Department of Civil and Environmental Engineering, University of Alberta, Edmonton, AB, Canada.
Accid Anal Prev. 2013 Jan;50:1082-9. doi: 10.1016/j.aap.2012.08.019. Epub 2012 Sep 25.
Although the multivariate structure of traffic accidents has been recognized in the safety literature for over a decade now, univariate identification and ranking of hotspots is still dominant. The present paper advocates the use of multivariate identification and ranking of hotspots based on statistical depth functions, which are useful tools for non-parametric multivariate analysis as they provide center-out ordering of multivariate data. Thus, a depth-based multivariate method is proposed for the identification and ranking of hotspots using the full Bayes (FB) approach. The proposed method is applied to a sample of 236 signalized intersections in the Greater Vancouver Area. Various multivariate Poisson log-normal (MVPLN) models were used for data analysis. For each model, the FB posterior estimates were obtained using the Markov Chains Monte Carlo (MCMC) techniques and several goodness-of-fit measures were used for model selection. Using a depth threshold of 0.025, the proposed method identified 26 intersections (11%) as potential hotspots. The choice of a depth threshold is a delicate decision and it is suggested to determine the threshold according to the amount of funding available for safety improvement, which is the usual practice in univariate hotspot identification (HSID). Also, the results show that the performance of the proposed multivariate depth-based FB HSID method is superior to that of an analogous method based on the depths of accident frequency (AF) in terms of sensitivity, specificity and the sum of norms (lengths) of Poisson mean vectors.

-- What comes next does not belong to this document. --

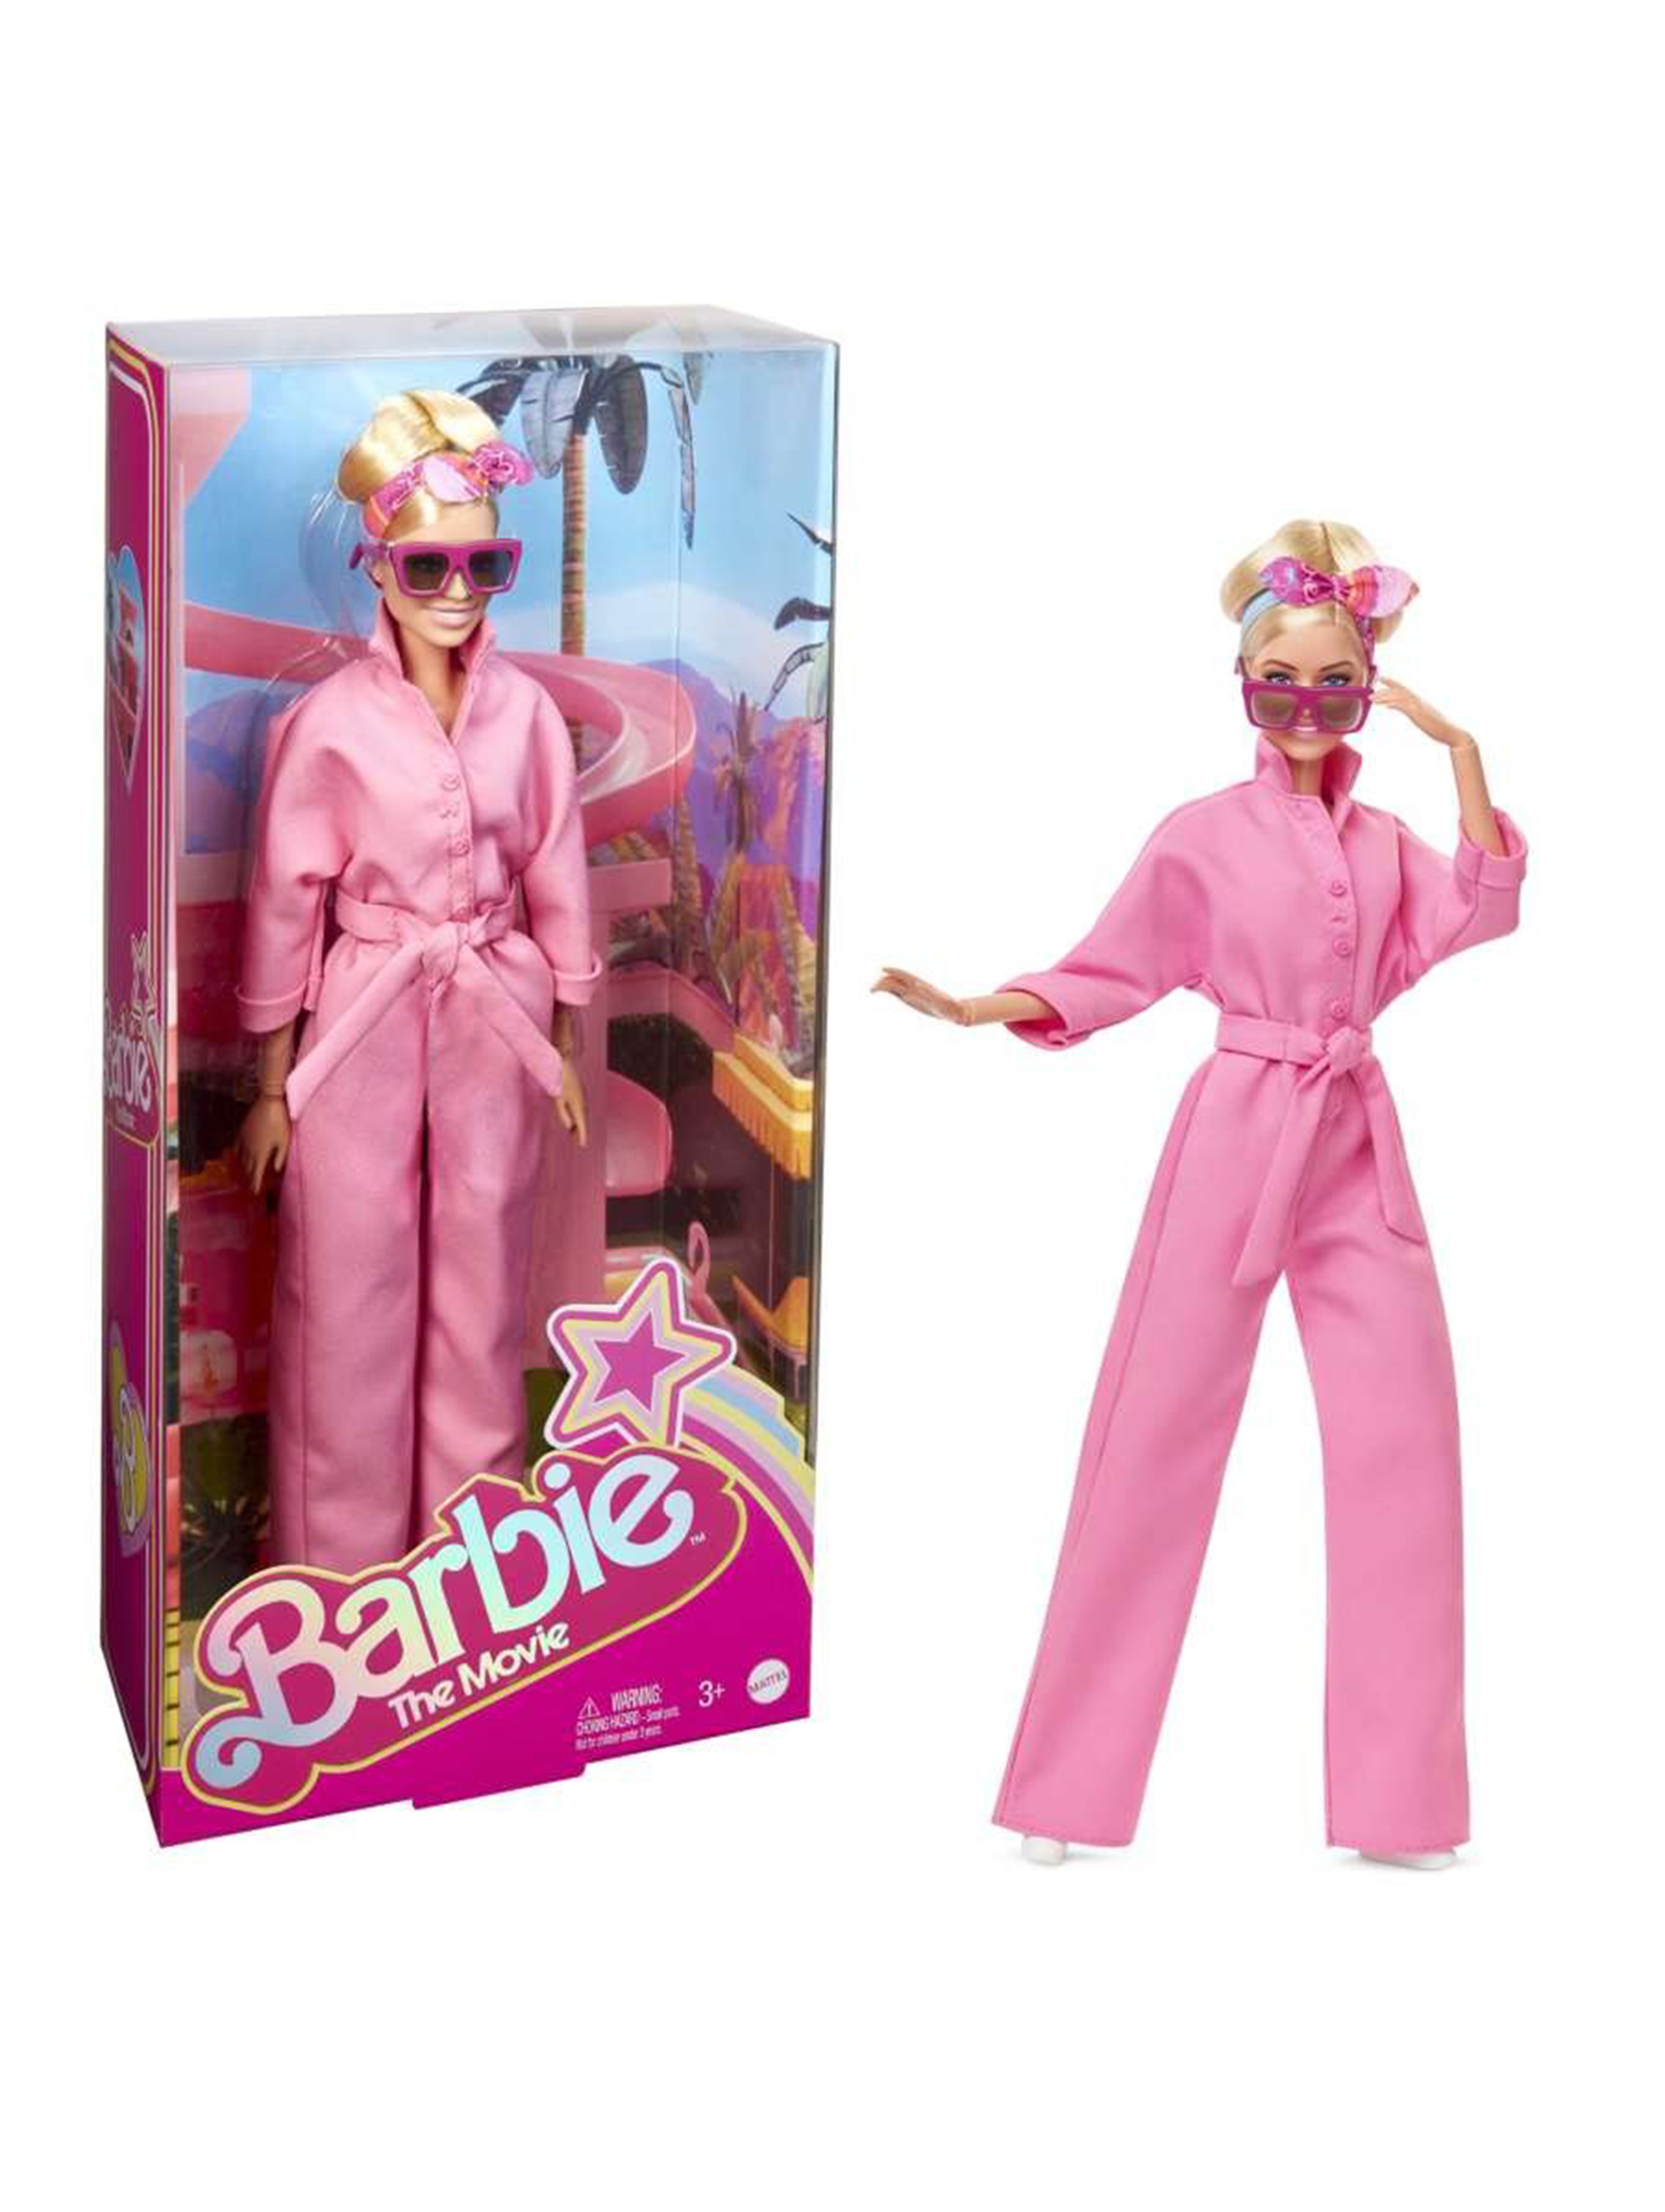 Lalka Barbie The Movie Margot Robbie jako Barbie

尽管交通事故的多元结构在安全文献中已经被认识了十多年,但单变量识别和热点排名仍然占主导地位。本文提倡使用基于统计深度函数的多元识别和热点排名,这是一种用于非参数多元分析的有用工具,因为它们为多元数据提供了从中心到外围的排序。因此,提出了一种基于深度的方法,使用全贝叶斯(FB)方法来识别和排名热点。该方法应用于大温哥华地区的 236 个信号交叉口的样本。使用了各种多元泊松对数正态(MVPLN)模型进行数据分析。对于每个模型,使用马尔可夫链蒙特卡罗(MCMC)技术获得 FB 后验估计,并使用几个拟合优度度量来进行模型选择。使用深度阈值 0.025,该方法确定了 26 个交叉口(11%)为潜在热点。深度阈值的选择是一个微妙的决策,建议根据安全改进的可用资金量来确定阈值,这是单变量热点识别(HSID)中的常用做法。此外,结果表明,基于事故频率(AF)深度的类似方法相比,基于深度的多元 FB HSID 方法在灵敏度、特异性和泊松均值向量的范数(长度)之和方面表现更优。